Challenge: Reliable machine learning system predictions
An advanced fraud detection system can prevent customers from being scammed of $10,000s of their hard-earned money and significantly reduce the money the fintech has to repay customers. Machine learning systems and real-time transaction monitoring can automatically watch every financial interaction, instantly identifying and flagging suspicious activity.
As companies transition to relying on automated detection systems for business processes such as fraud and transaction monitoring, the importance of the reliability of these systems increases.
In the case of an ML system to detect fraudulent behaviors, it’s not uncommon for this to rely on hundreds of data models such as user demographics, 3rd-party systems, product usage, and transaction data. Combined, this means that comprehensive end-end monitoring is a must to deliver reliable predictions.
Example of an ML-based fraud detection system with the data warehouse at the center
Machine learning systems can be a black box, and uncaught issues may mean that the wrong customers get declined by automated onboarding controls or that the company fails to detect fraud directly impacting customers.
Solution: End-end observability of ML system to build quality by design
First, it’s essential to consider if the ML model is being trained on accurate data. A common issue that can happen to the training data is data drift, where the statistical properties of the data used to train a model change over time, leading to a decrease in model performance.

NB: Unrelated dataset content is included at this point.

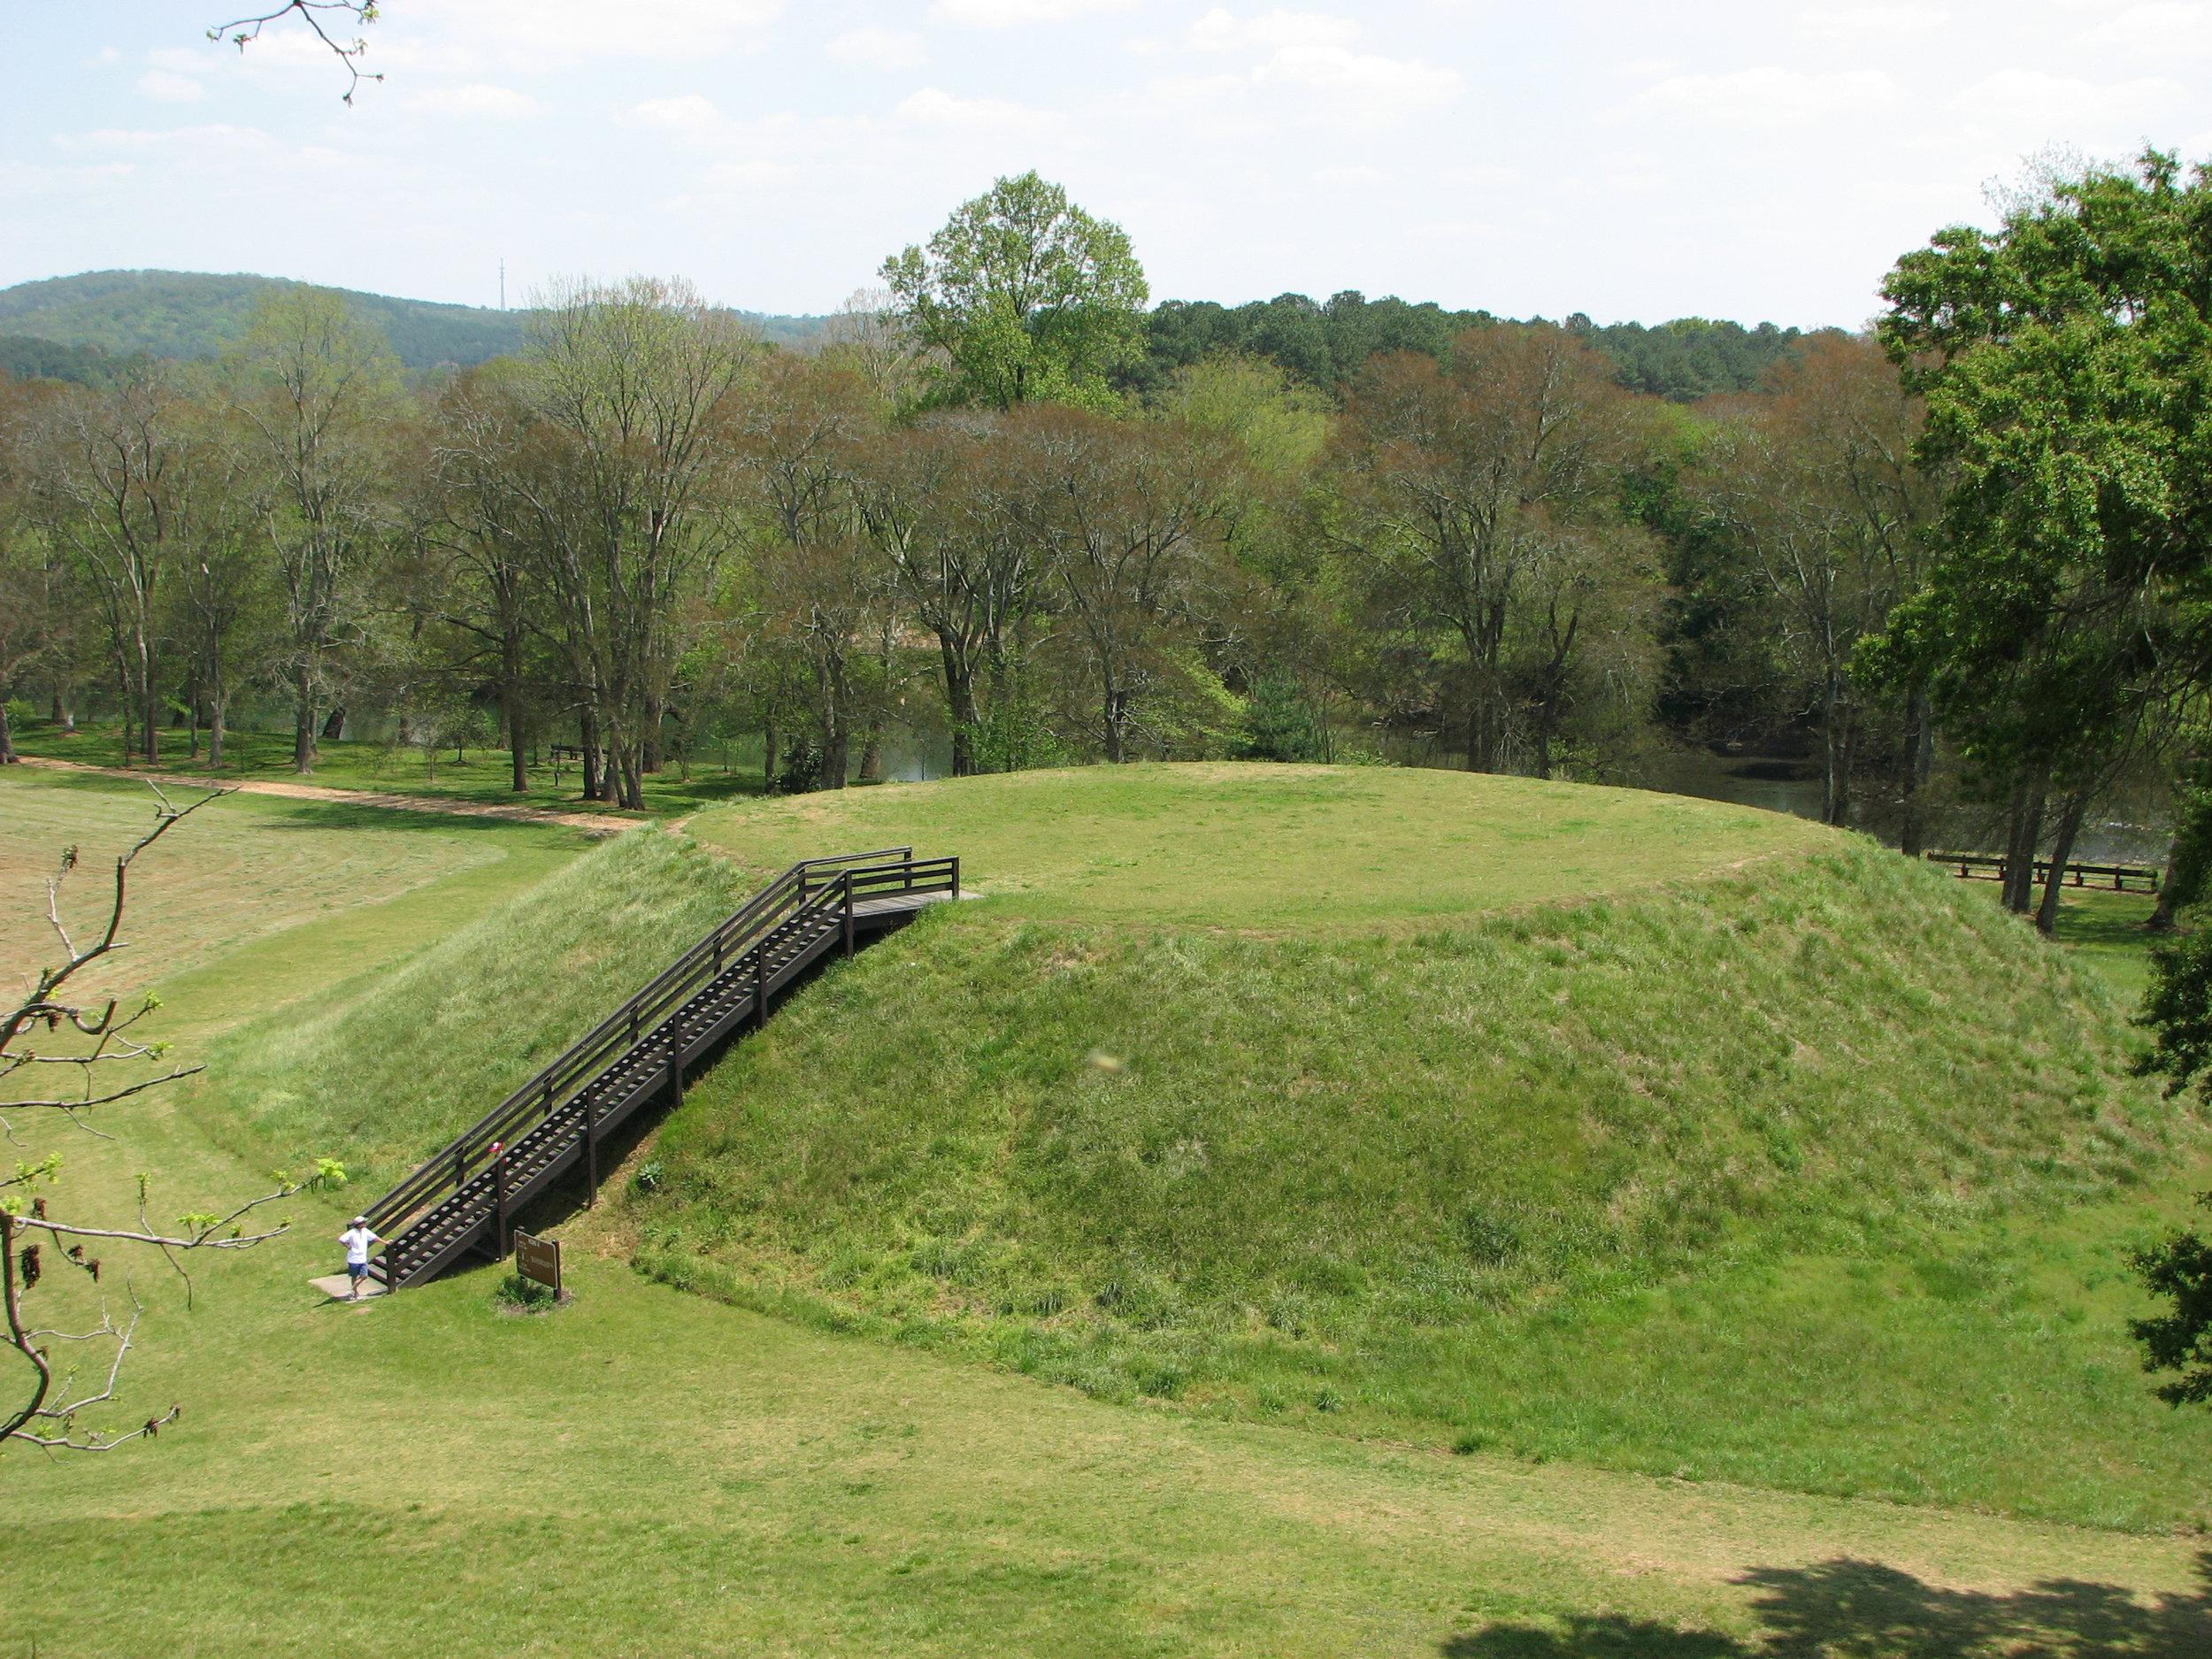 Sites Etowah Indian Mounds Mound B Georgia.jpg

Issues in the model output can also happen due to problems in the ML training or inference steps and should simultaneously be monitored.

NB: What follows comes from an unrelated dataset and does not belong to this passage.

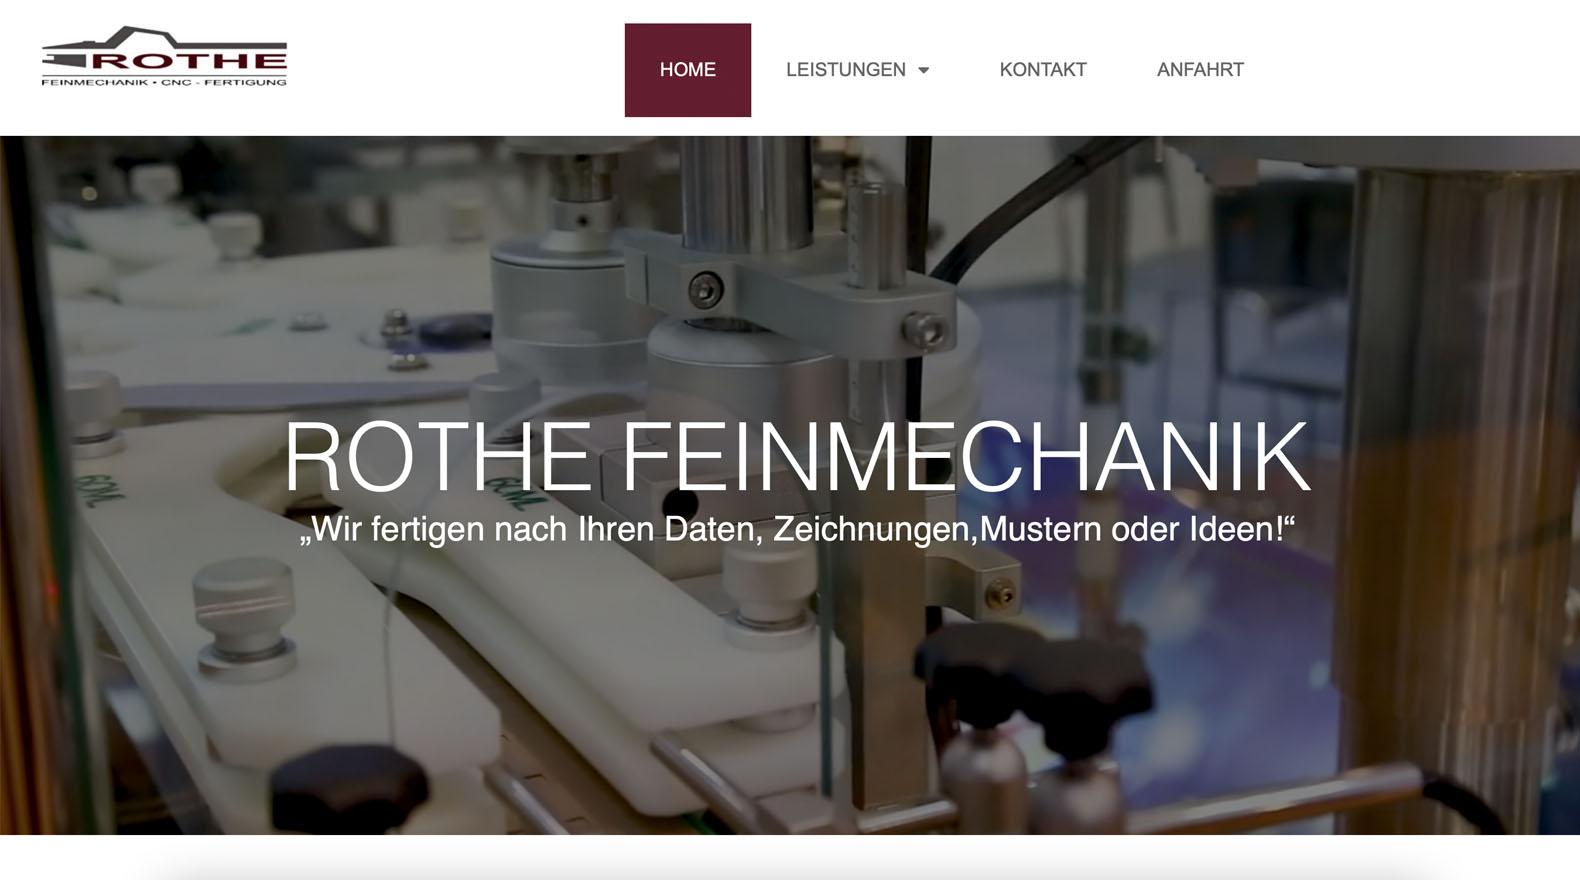 webprojekt-chemnitz-referenz-rothe

ML monitoring is a broad topic. Many tools and techniques exist to measure model performance metrics and understand when issues arise, such as model drift, model performance decay, model outliers, and data quality. The following steps focus on monitoring data quality, but a dedicated ML monitoring system may be a needed supplement for some systems.
Step 1: Ensuring robust input data by building quality by design
Well-tested data pipelines can help you detect issues feeding into the ML model training set before they impact the model predictions.
- Freshness checks to catch stale data: Apply dbt source freshness checks for data sources when you explicitly expect data to be refreshed. Supplement these with automated freshness checks from an observability tool for sources where you don’t know the exact threshold or if you’re unaware of or failed to anticipate a freshness check was needed.
- Use generic tests on the critical path: Test early and often for core quality issues such as uniqueness and not_null to detect issues as close to the source as possible.
- Field level metrics: Apply automated field level monitors from your observability tool on your most important features. For example, automatically monitor changes in the percentage of values in a column with a zero value or % of null values, which can introduce errors into the model predictions.
Tip: It can be helpful to run data quality checks regularly, even if you retrain your model less frequently, to catch issues as close as possible to when they happen
Step 2: Proactively detect erroneous output data
We recommend monitoring the output if your ML system is trained and runs inference frequently. Even if you have no upstream issues impacting your training data, issues in core training or inference steps can still mean you’re outputting inaccurate predictions.
- Field level monitors: Field level monitors such as % zero or null values can help you detect apparent issues in the values output by your ML system.
- Monitor by segments: In some cases, you can be blind to if the model starts drifting for a specific segment, such as suddenly increasing the risk rating predicted for users signing up from LATAM countries. Custom monitors by relevant segments can help detect this.
It can also be a requirement to report on the uptime and historical issues for each automated decisioning system. This type of information may be required for regulators and can help build trust with other engineering teams with expectations around production system monitoring.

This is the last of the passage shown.